If you would rather have readers waiting and parallel writers there is a more complex scheme here: https://blog.sequinstream.com/postgres-sequences-can-commit-...
In the article, they just don't and instead do "SELECT FOR UPDATE SKIP LOCKED" to make sure things get picked up once.
The article speaks of two usecases, work queue and pub/sub event log. You talk about the first and the comment you reply to the latter. You need event sequence numbering for the pub/sub event log.
In a sense this is what Kafka IS architecturally: The component that assigns event sequence numbers.
The log_counter table tracks this. It's true that a naive solution using sequences does not work for exactly the reason you say.
You can fill in a noop for sequence number 123 after a timeout. You also need to be able to kill old transactions so that the transaction which was assigned 123 isn't just chilling out (which would block writing the noop).
Another approach which I used in the past was to assign sequence numbers after committing. Basically a separate process periodically scans the set of un-sequenced rows, applies any application defined ordering constraints, and writes in SNs to them. This can be surprisingly fast, like tens of thousands of rows per second. In my case, the ordering constraints were simple, basically that for a given key, increasing versions get increasing SNs. But I think you could have more complex constraints, although it might get tricky with batch boundaries
My approach is: select max(id), and commit with id=max(id)+1. If commit worked, then all good. If commit failed because of unique index violation, repeat the transaction from the beginning. I think it should work correctly with proper transaction isolation level.
That limits you to a few tens of TPS since everything is trying to write the same row which must happen serially. I wouldn't start out with that solution since it'll be painful to change to something more scalable later. Migrating to something better will probably involve more writes per txn during the migration, so it gets even worse before it gets better.
The counter in another table used in the article also serializes all writers to the table. Probably better than the max() approach but still serial.
There needs to be serialization happening somewhere, either by writers or readers waiting for their turn.
What Kafka "is" in my view is simply the component that assigns sequential event numbers. So if you publish to Kafka, Kafka takes the same locks...
How to increase throughput is add more shards in a topic.

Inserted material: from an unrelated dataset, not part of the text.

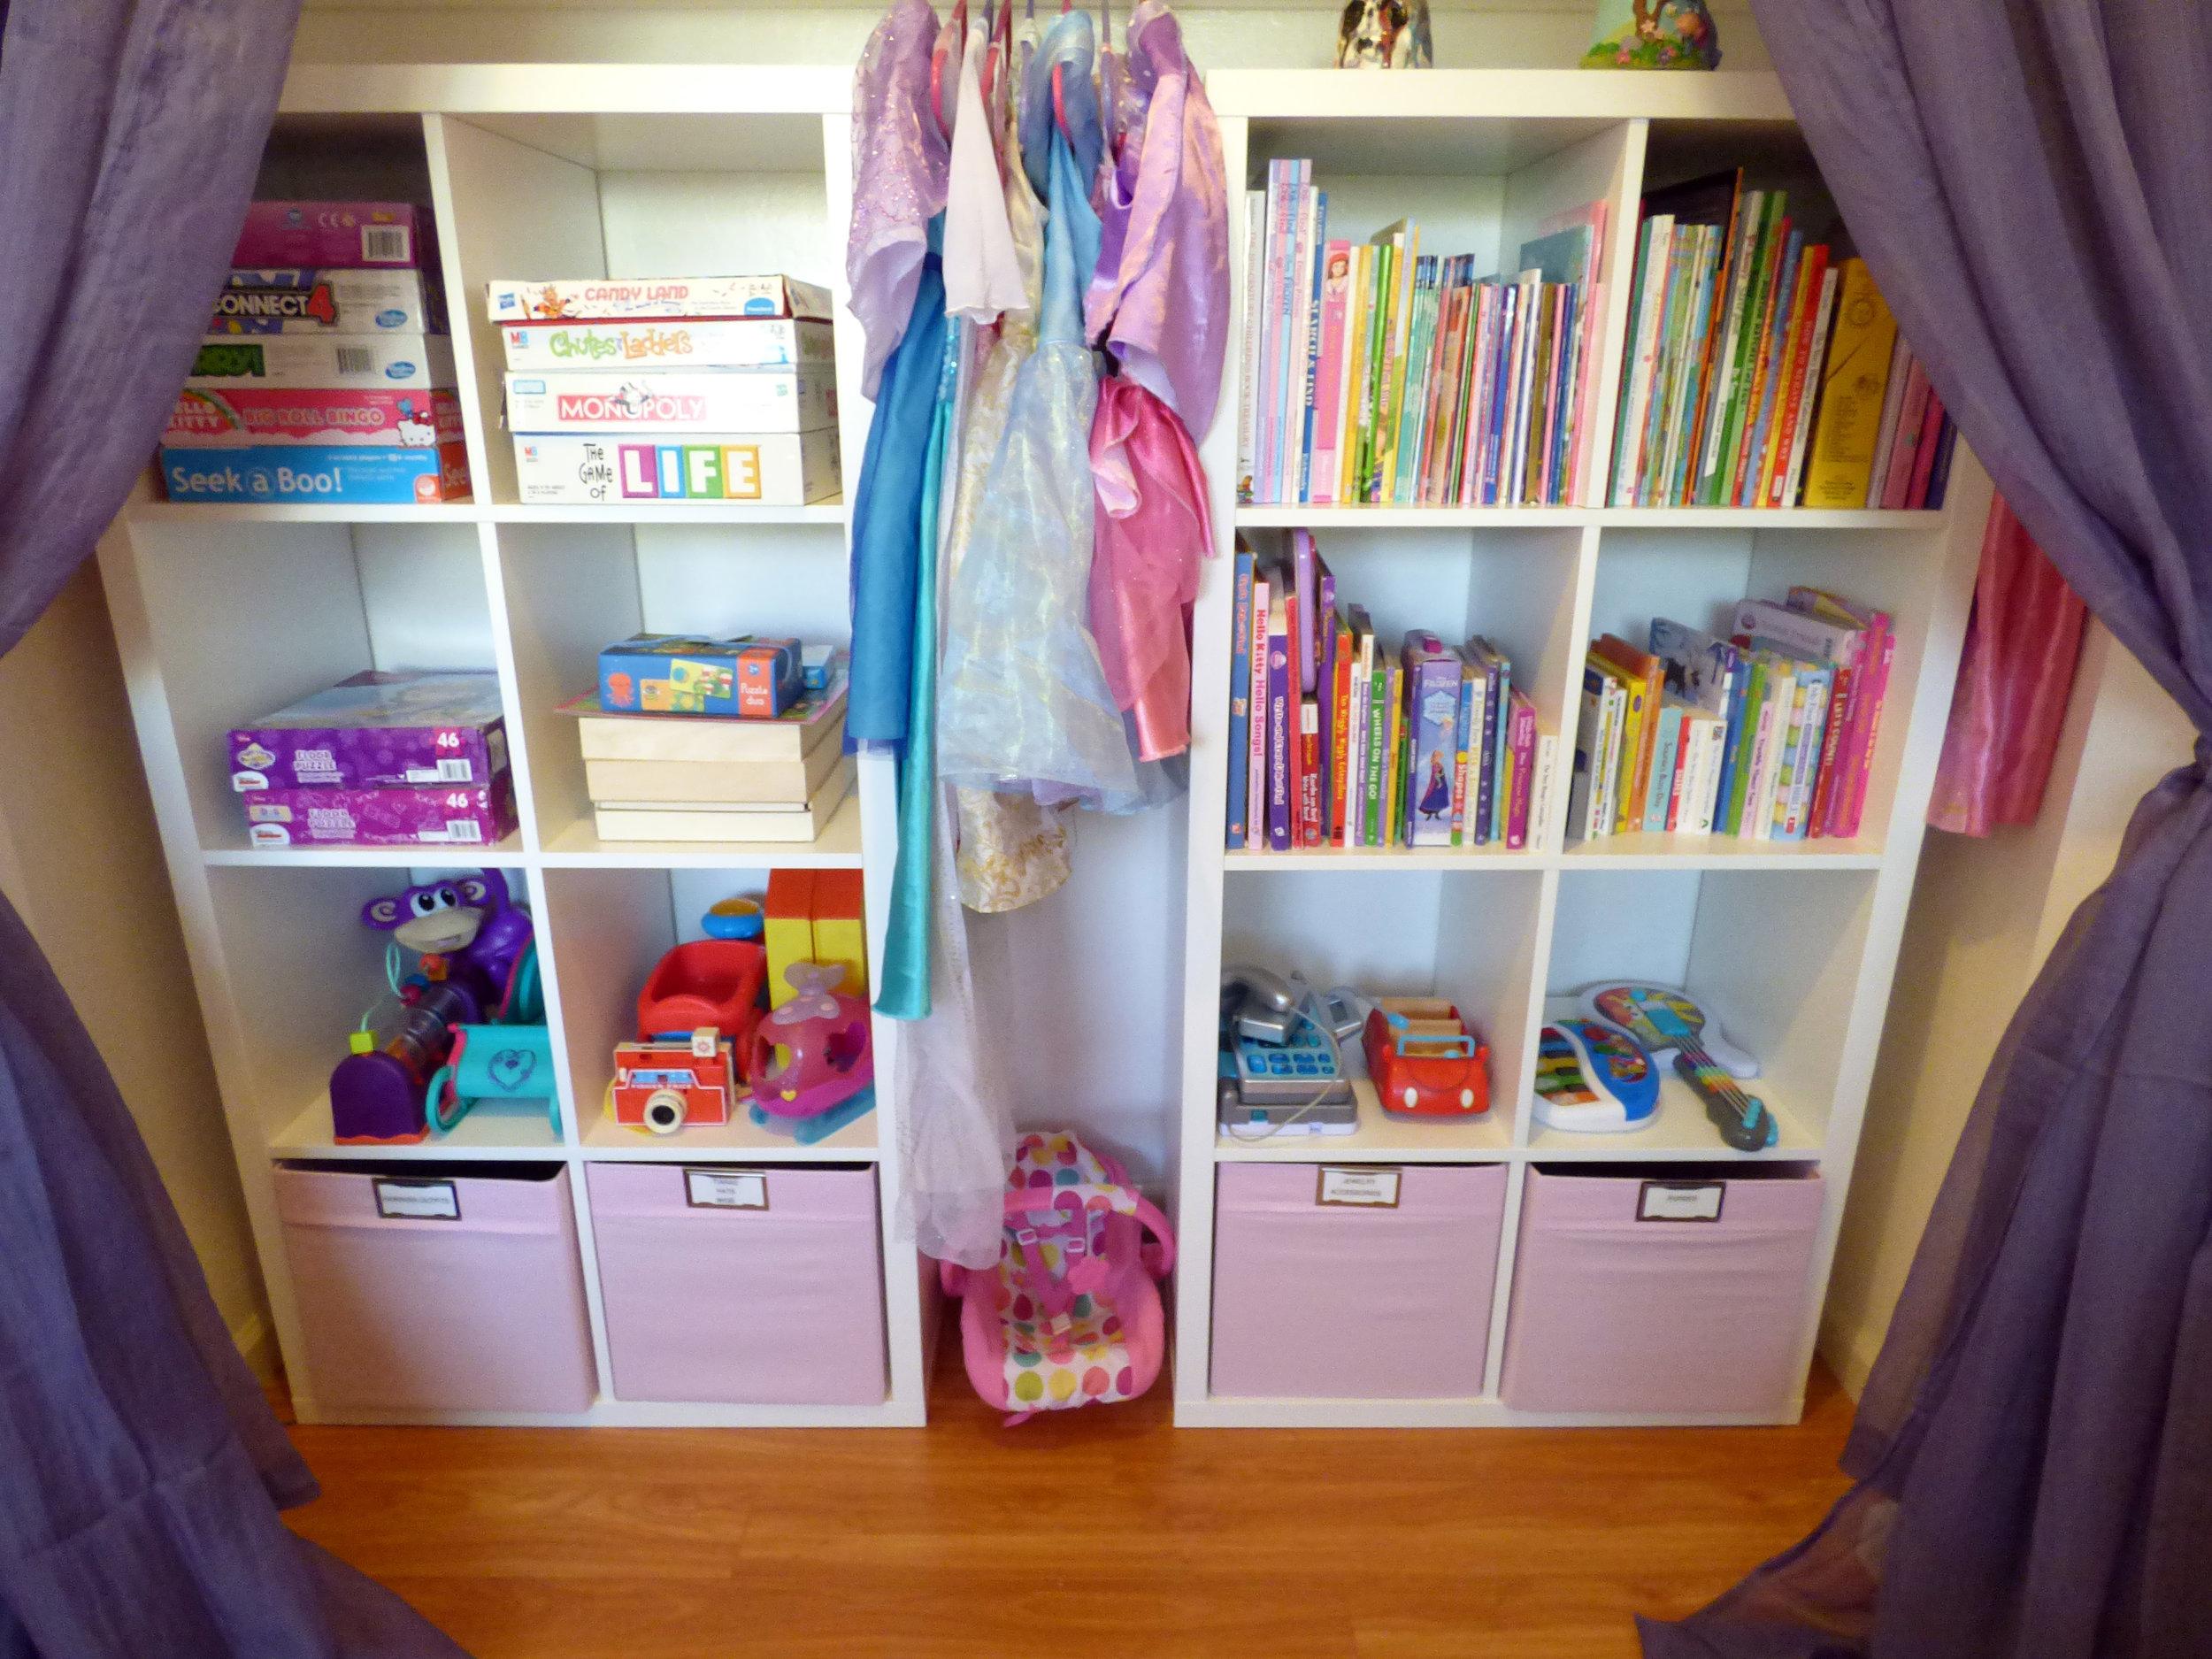 Cupertino Play Room Closet.jpg

Does the additional read query cause concern? Or mostly this is ok? (i'm sure the answer depends on scale)
> unique monotonically-increasing offset number
Isn't it a bit of a white whale thing that a umion can solve all one's subscriber problems? Afaik even with kafka this isn't completely watertight.
I have this problem in the system I work on - the short nuance-less answer from my experience is that, once your scale gets large enough, you can't prevent ordering issues entirely and you have to build the resilience into the architecture and the framing of the problem. You often end up paying for consistency with latency.
I think you may be talking past each other. In the approach taken in the article and the parent comment, if the event sequence number allocation of the writer races the reader cursor position in the wrong way, events will NEVER BE DELIVERED.
So it is a much more serious issue at stake here than event ordering/consistency.
As it happens, if you use event log tables in SQL "the Kafka way" you actually get guarantee on event ordering too as a side effect, but that is not the primary goal.
More detailed description of problem:
https://github.com/vippsas/mssql-changefeed/blob/main/MOTIVA...
Funnily enough, I was just designing a queue exactly this way, thanks for catching this. (chat GPT meanwhile was assuring me the approach was airtight)
you're really trying to vibe architect?
Gotta make a living somehow
What about a `DEFERRABLE INITIALLY DEFERRED` trigger that increments a sequence only on commit?